Oleh karena itu, serangan Fajlurrahman kepada PKS atas mimpinya tentang Indonesia lebih mirip ideologi komunis yang melarang seseorang, atau sebuah partai untuk memiliki obsesi dan cita-cita. Bahkan lebih “Soeharto” dari Soeharto itu sendiri yang telah beliau maki dalam tulisannya. Juga pilihan-pilihan kata yang digunakan dalam tulisan tersebut (entah sengaja atau tidak) seperti “menjijikkan”, “orang gila”, “kebusukan”, “tidak waras”, “keluar dari Islam”, menunjukkan “kekerasan intelektual” seorang cerdik pandai selevel beliau. Sehingga kesan yang muncul setelah membaca tulisan ini tentu saja hanya kesan amarah dan dendam, bukan kesan intelektual.

Indonesia Perlu Mimpi

Mestinya bangsa ini memberikan apresiasi terhadap gagasan-gagasan segar PKS. Di tengah kegamangan semua partai politik di negeri kita tentang Indonesia apa pasca orde reformasi, PKS menghadirkan sebuah “fantasi” yang telah dijabarkan dengan begitu lengkap dalam Platform Pembangunannya. Di saat tokoh-tokoh nasional bangsa ini saling sikut dan membual tentang janji-janji politik, justru PKS datang dengan semangat kebersamaan dan kerjasamanya. Pada saat sebagian intelektual muda mulai putus asa dengan tingginya tembok politik paternalistik yang ada, PKS datang dengan ide pemimpin mudanya. Bahkan di saat tak ada lagi ide baru tentang Indonesia, PKS hadir dengan slogan: “Bangkit Negeriku Harapan Itu Masih Ada”. Sebab Indonesia adalah bangsa yang membutuhkan sebuah mimpi.

Dan seharusnya tak perlu ada yang sakit hati dengan semua mimpi-mimpi PKS itu. Sebagaimana orang lain tak perlu sewot dengan obsesi dan mimpi kita masing-masing. Itu adalah hak PKS sebagaimana Golkar, PDIP atau PBB juga punya hak yang sama. Toh, mimpi PKS itu tidaklah menyakiti siapapun atau hendak mencederai siapapun. Apalagi jika kita sendiri bukanlah bagian dari orang yang harus berdarah-darah dan bergelimang air mata untuk membesarkan PKS, apa urusannya? Biarkanlah waktu yang akan berbicara nantinya, siapakah yang lebih pantas disebut “gila”, PKS ataukah para pengkritiknya.

Akhiri Polemik Ini

Meskipun PKS telah menjadi bahan skripsi dan desertasi doktoral banyak orang sejak berdirinya, namun itu belumlah cukup untuk menyimpulkan PKS sebagai partai hina atau mulia. Memperdebatkannya panjang lebar pun tidak akan mampu menambah kemuliaan atau kehinaan bagi PKS. Oleh karena itu jauh lebih bijaksana jika bangsa ini memberikan kesempatan kepada PKS untuk membuktikan ketulusan niatnya, kebenaran janji-janjinya, dan realisasi obsesinya. Sebagaimana bangsa ini juga telah memberikan kesempatan yang sama kepada Golkar, PDIP, PKB dan Partai Demokrat. Setelah itu, silahkan seluruh bangsa ini bebas menilai PKS.

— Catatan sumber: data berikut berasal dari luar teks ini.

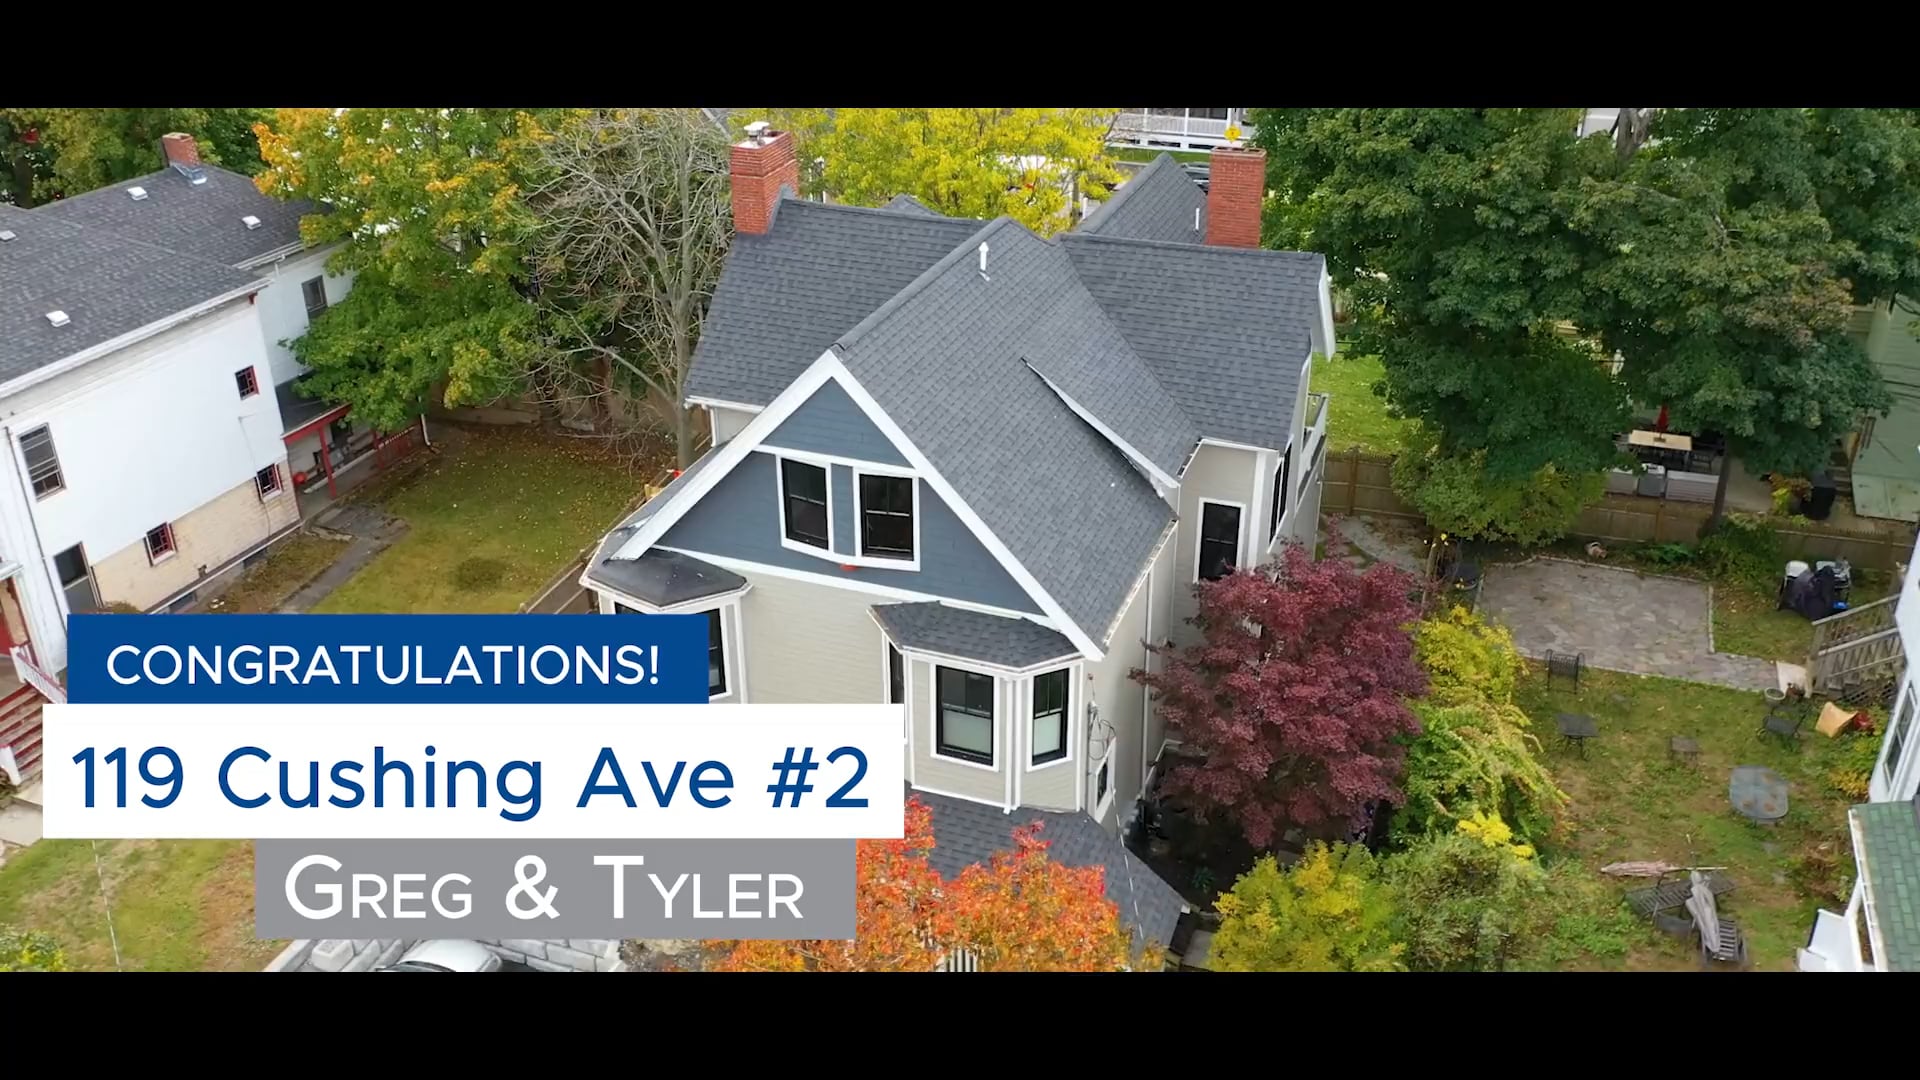 119 Cushing Ave - Congratulations Greg and Tyler
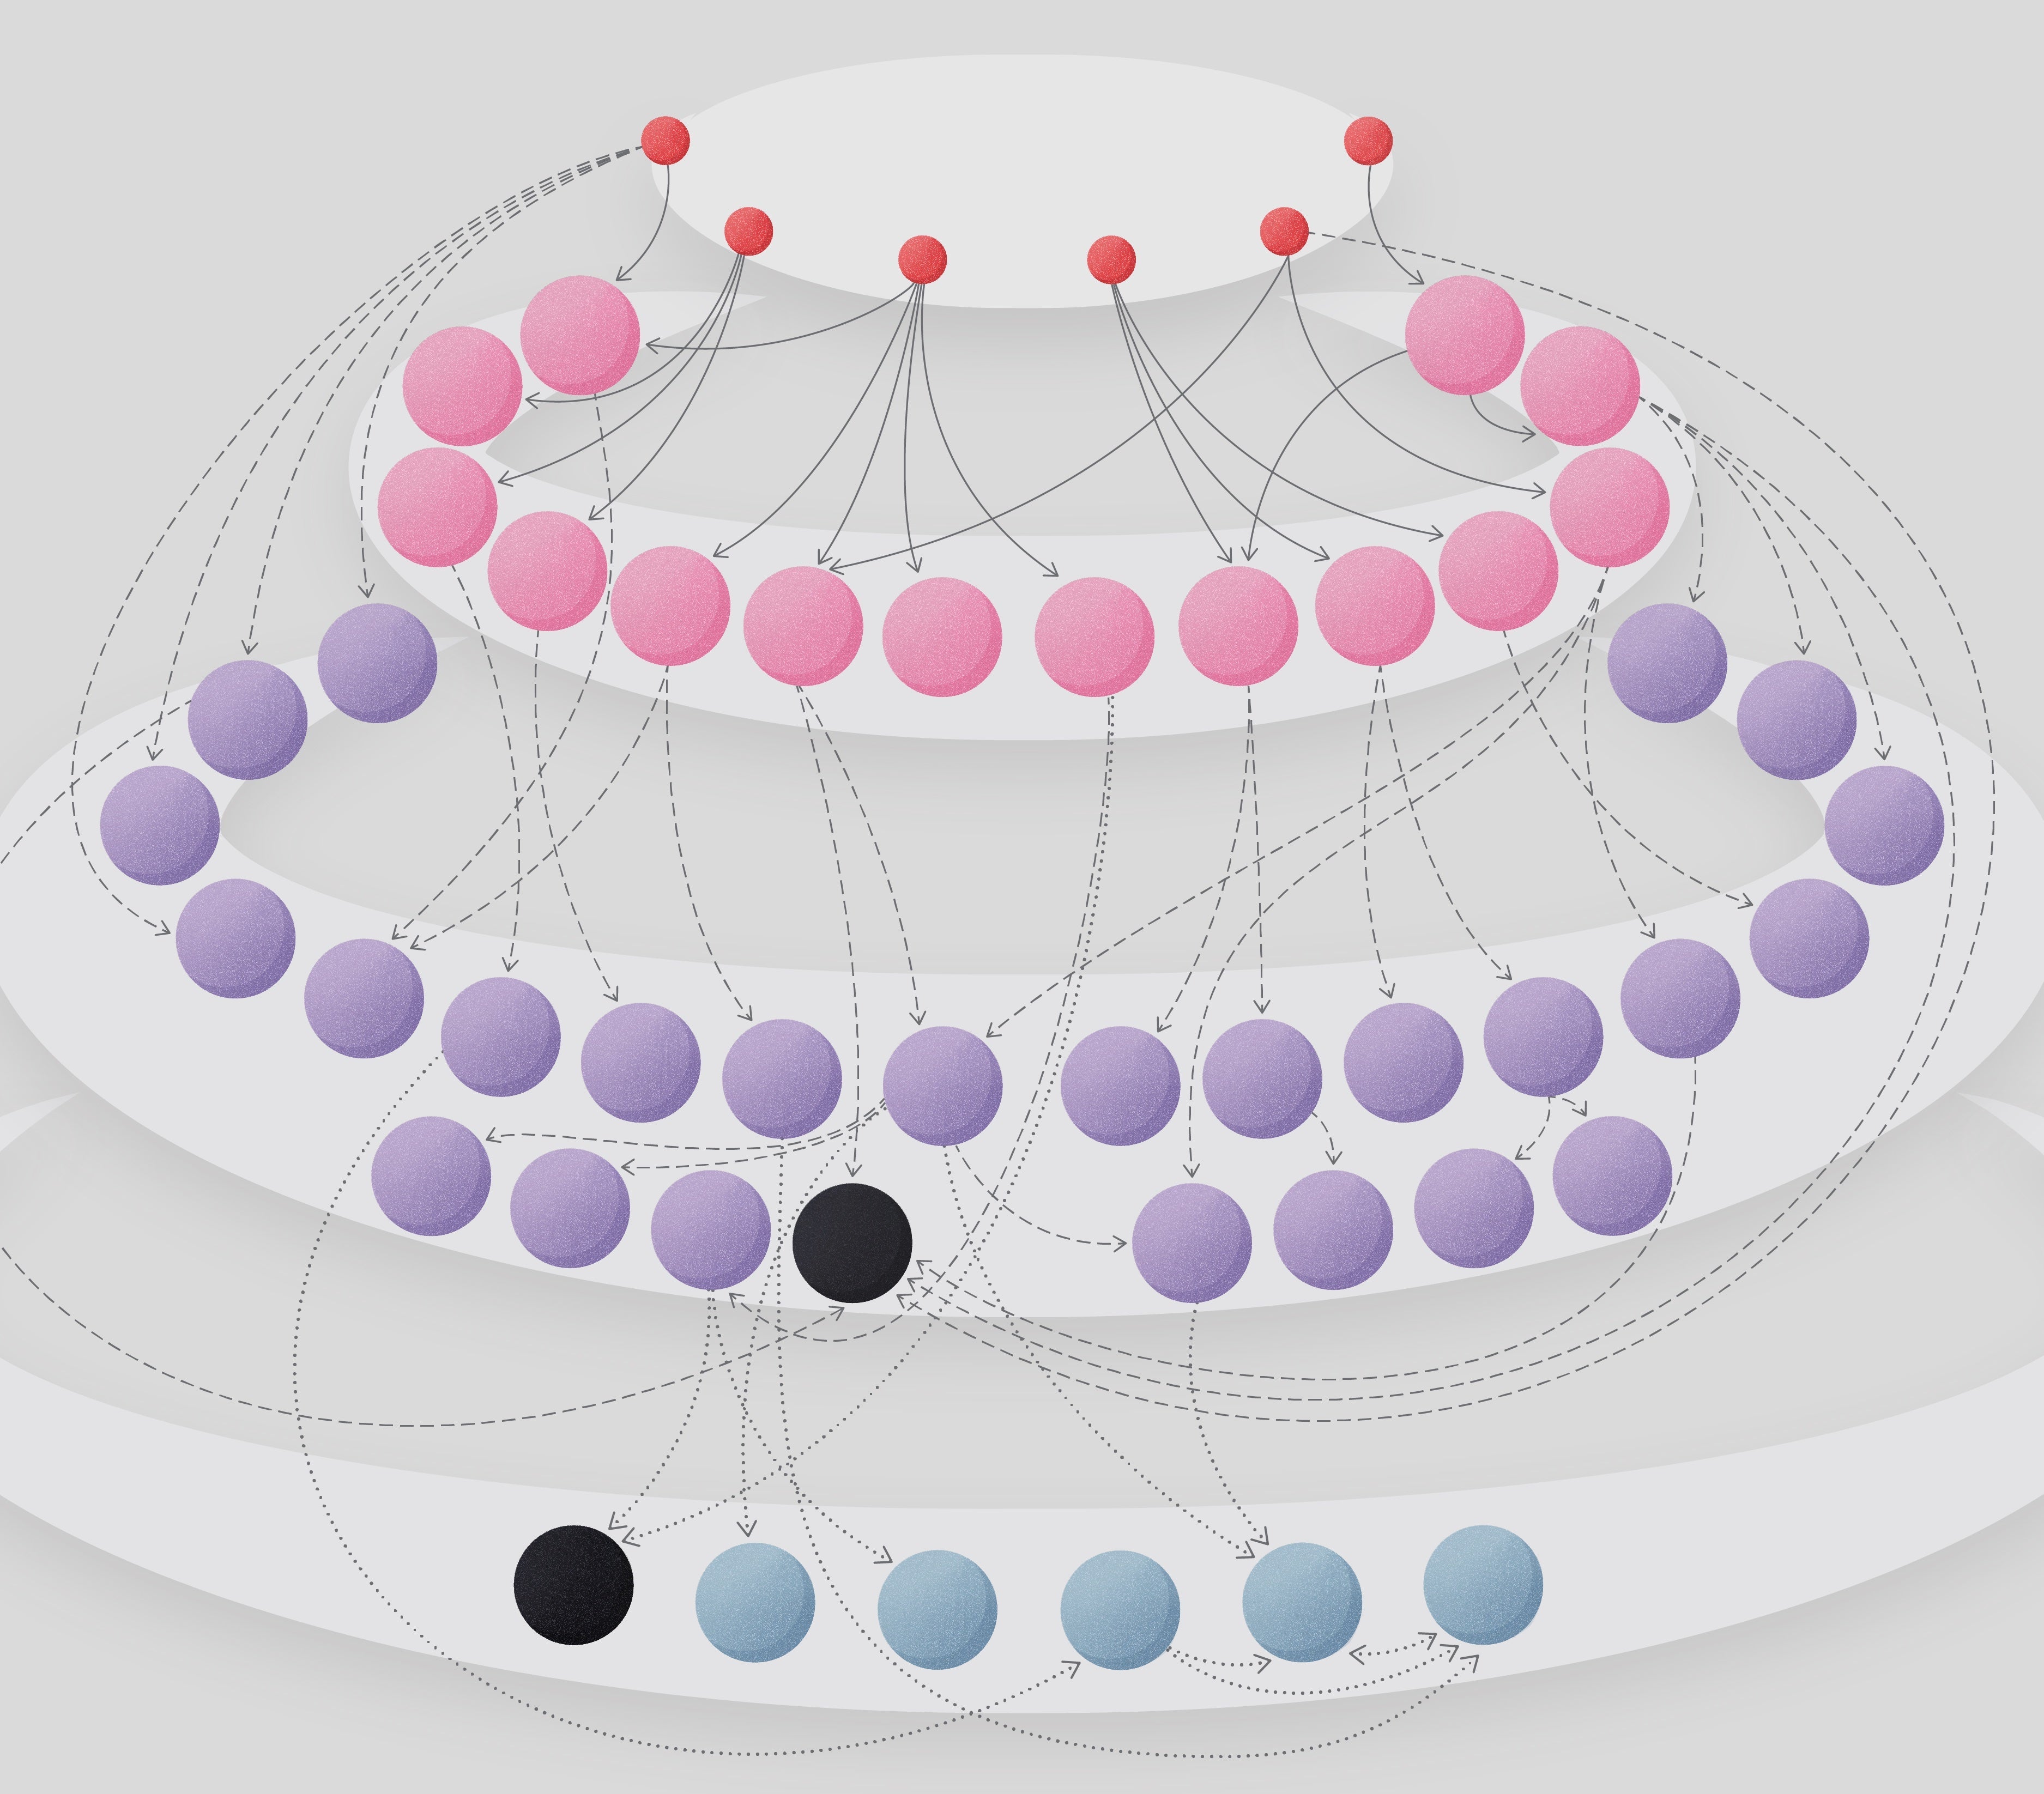 Illustration includes 4 tiers, connected by a web of arrows. Top tier includes 6 red spheres. Next tier includes 14 pink spheres. Third tier includes 26 spheres. Bottom tier includes 6 spheres.

Dan untuk sahabat Fajlurrahman, sederhanalah dalam mengkultuskan guru-guru kita. Azwar Hasan hanyalah manusia biasa yang bisa keliru seperti juga kita. Ide yang beliau tuangkan dalam Tribun Opini sebelumnya toh tak lebih hanyalah tambal sulam dari tulisan orang lain di website Tempo Interaktif tanggal 24 Nopember 2008. Mudah-mudahan ini tidak termasuk “plagiat” ide, sebuah kejahatan terbejat dalam dunia akademisi. Dan janganlah kebencian Anda terhadap suatu kaum, mendorong Anda untuk berlaku tidak adil (QS. 5:8). Jangan karena hanya sebuah iklan, sahabat Fajlurrahman tega menuding “gila”, munafik, bahkan murtad dari agama Allah, suadara-saudara seiman yang belum tentu lebih buruk dari diri Anda. Na’udzu billahi min dzalik!.